I really do want to find out if HCl+Cl will get the Pt off, so I'm going to do it.
The concept of AR on a paper towel is amazing to me, and I sure wouldn't have to mix much up
to try it, so I intend to try that as well, just to see what happens.

Nitric + paper = Nitrocellulose. AR + paper = ?

Cheers,

Mike


----------



## Shark (Jul 30, 2014)

Didn't mean to pry into anything personal, I just took your definition of "social standing" a bit differently. In your shoes, I would take one or the other of your positions on dealing with the plates. It would be a tough decision to make, i just never was much good at shooting clays. Then again a plate is somewhat bigger. I hope everything works out for you.


----------



## Lou (Jul 30, 2014)

Maybe try glasswool instead of paper towels, which will slowly degrade in AR.


----------



## justinhcase (Jul 30, 2014)

When I ran several dinner services to test,I found that I barley had enough to test for.
It was like oil on water you can get it off easily enough but when you look at the returns for a day's effort and chemicals you will find you only have enough to get your beaker dirty. Much better to spend the day working for cash and buy some scrap at auction as you will have a nice little lump after refining.
For your china particularly if it is gilded there are a lot of company's like http://www.chinafinders.com that will buy the hole lot up for a better return than you will ever get from the decoration.People are always short a plate or cup so pay a premium to keep there set complete.
The glass wool is a fantastic idea and I will try it if I ever have a lager surface aria to strip of plaiting.
P.S. I wish that I had taken note of Lou signature line sooner, I found Rhodium and it took me a week to work it out.LOL


----------



## 924T (Aug 1, 2014)

Shark,

No problem.

The 12-guage bit is an inspiration based on a "Big Bang Theory" episode, which I thought was hilarious.

Lou,

Awesome idea, dude (a compliment, Big Lebowski style)! That's putting GotTheBug's idea on steroids.

justinhcase,

Hey, thanks for that link-----I'll follow up on it----my prior research had only turned up outfits that would
take the china on consignment.

If it turns out they actually buy the stuff, I'll still keep a couple of pieces for chemical experimentation,
and possible steel pellet form factor modification.

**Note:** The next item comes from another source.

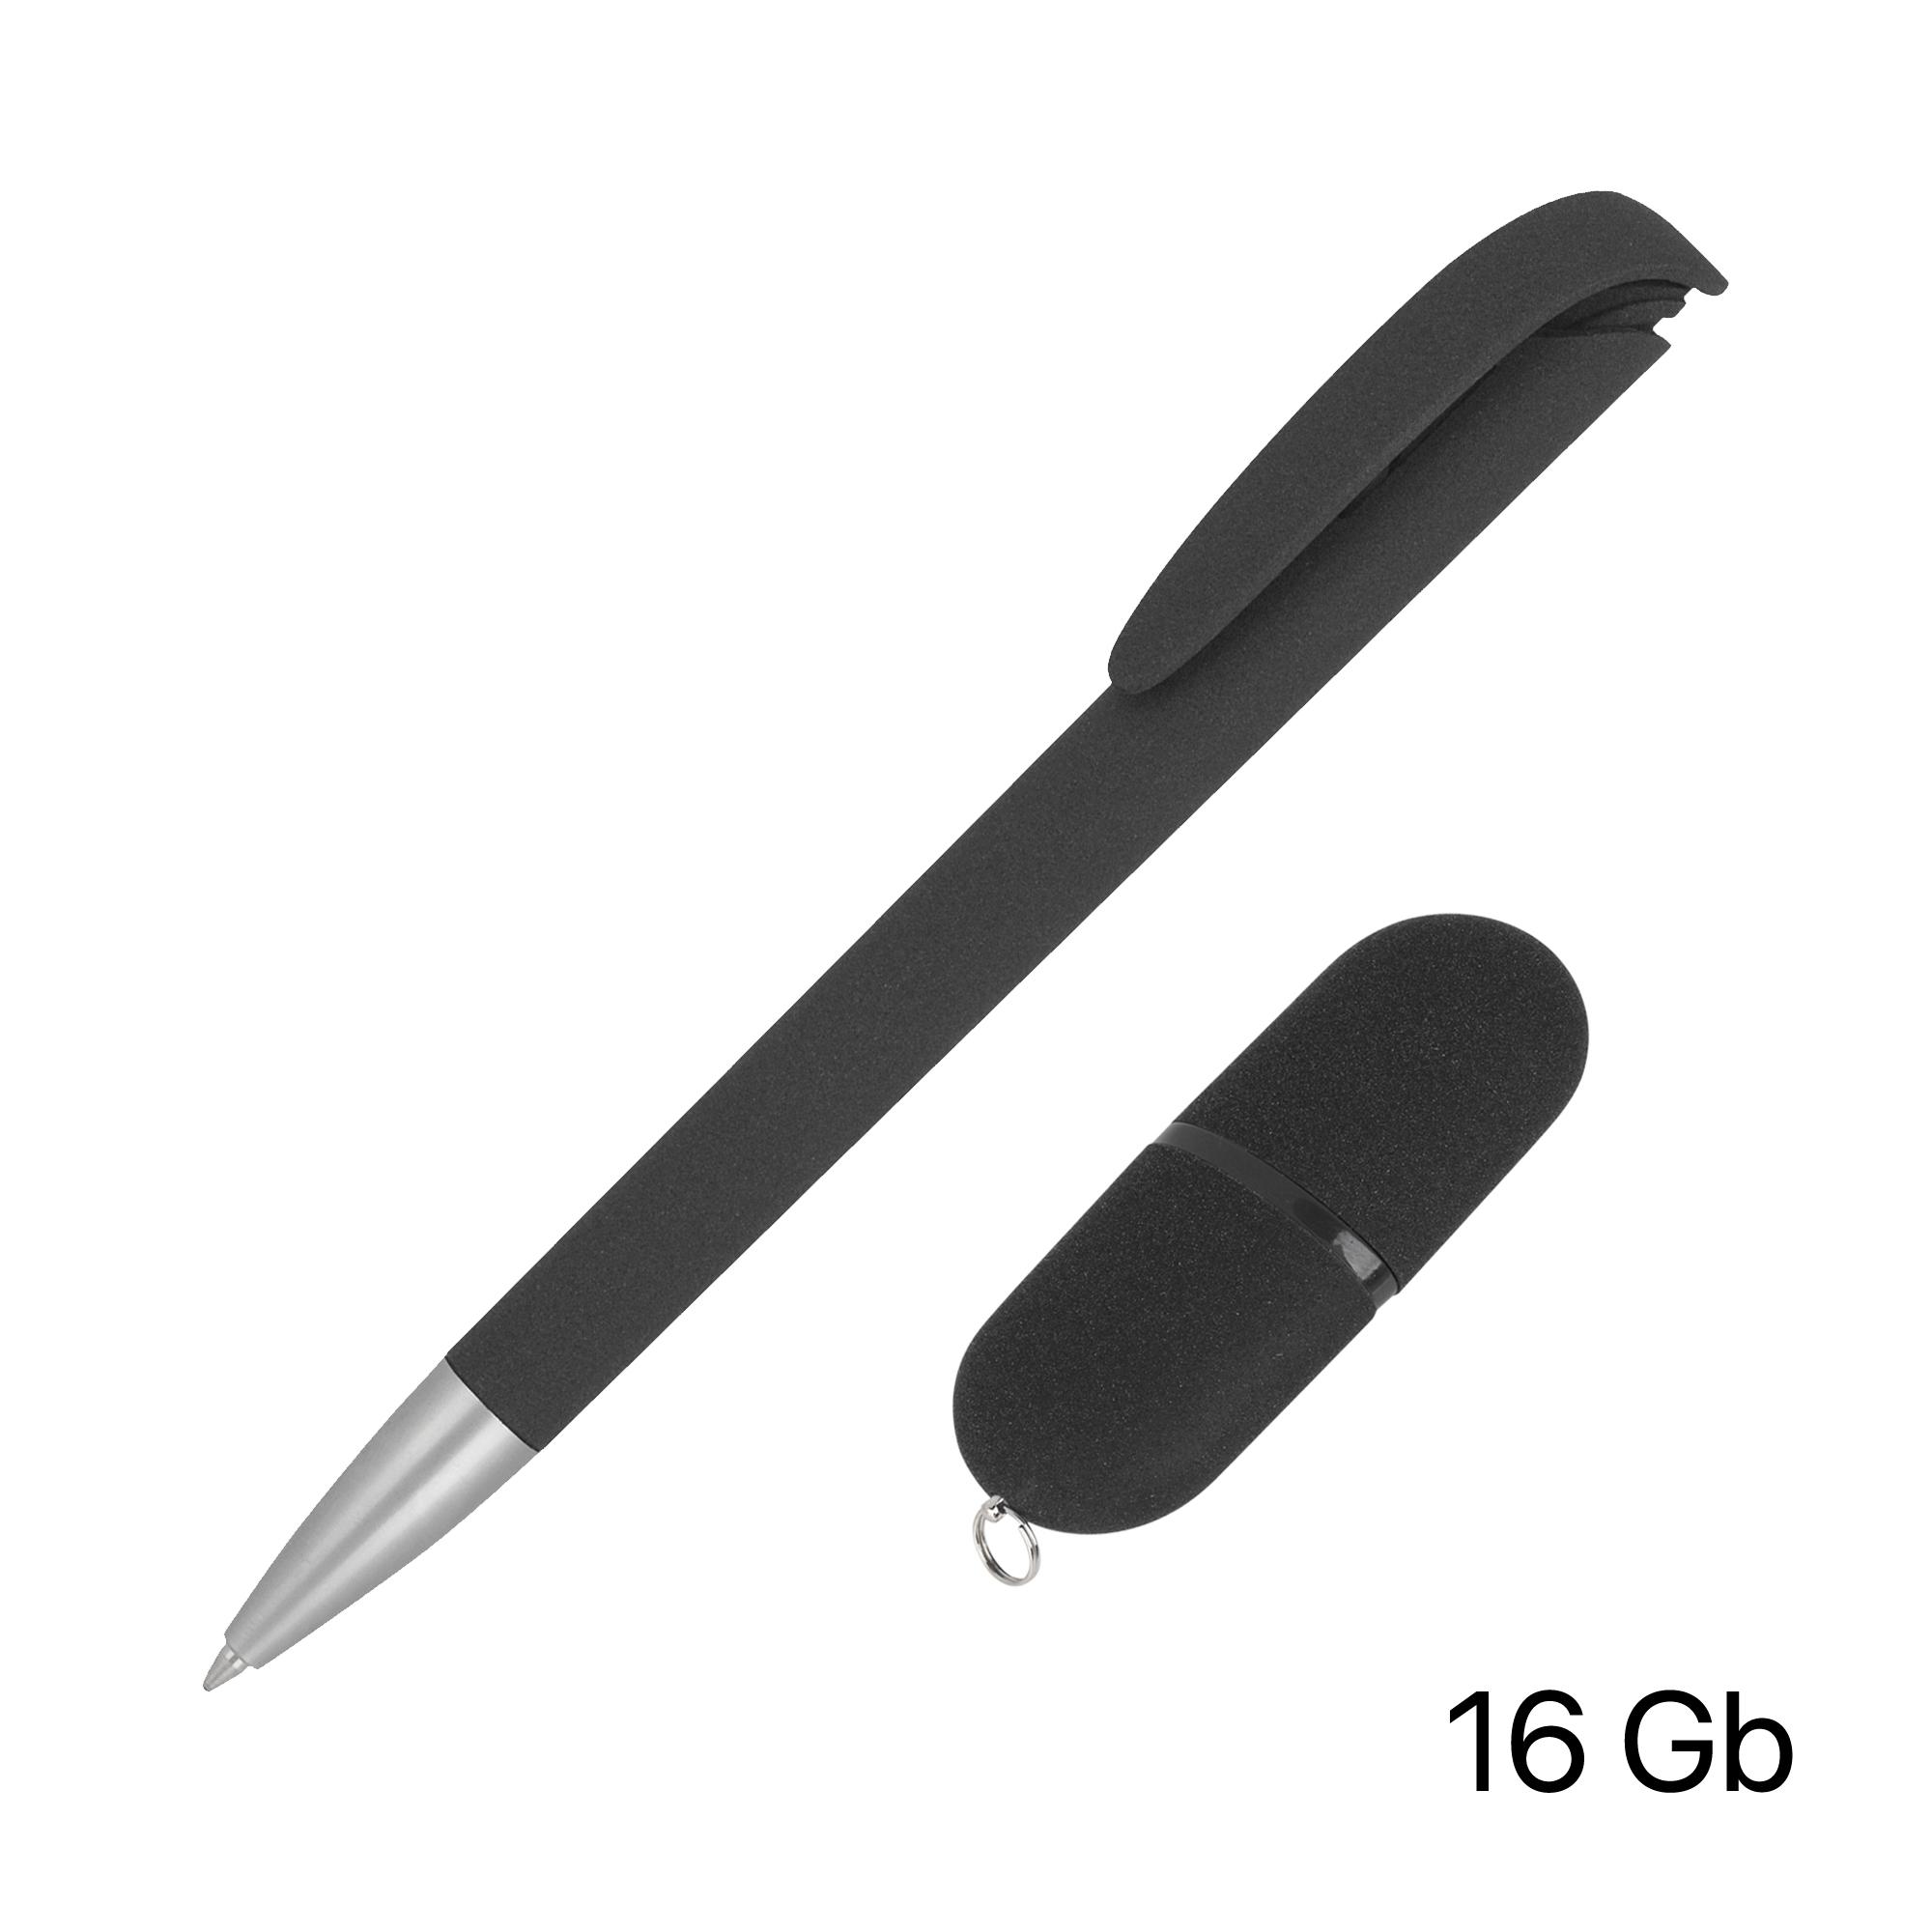 Набор ручка + флеш-карта 16 Гб в футляре, черный, покрытие soft grip, цвет черный, фото 1

Many thanks guys------you are what make the GRF such a great place to be!

Cheers,

Mike


----------



## solar_plasma (Aug 1, 2014)

Please calculate the areal/gramm of platinum yield, when you start your experiments.

By the way, when I did my researches on china gold plate, I read, that sometimes rhodium is used as primer. Probably microscopic amounts. When the gold dissolved, I found that some pieces still had a very slight discoloration.


----------



## Lou (Aug 1, 2014)

Thanks for the compliment, but I'm telling you, some bird shot would be more satisfying, and actually probably cheaper than trying to get the Pt off of these dinner plates, especially given the marital situation.

Though one time I did get a bottle of Hanovia bright Au (think of a piney smelling dip) that had a couple grams in it when I incinerated it. They probably make a platinum version that's good.


----------



## Platdigger (Aug 1, 2014)

Must have been a good sized bottle.


----------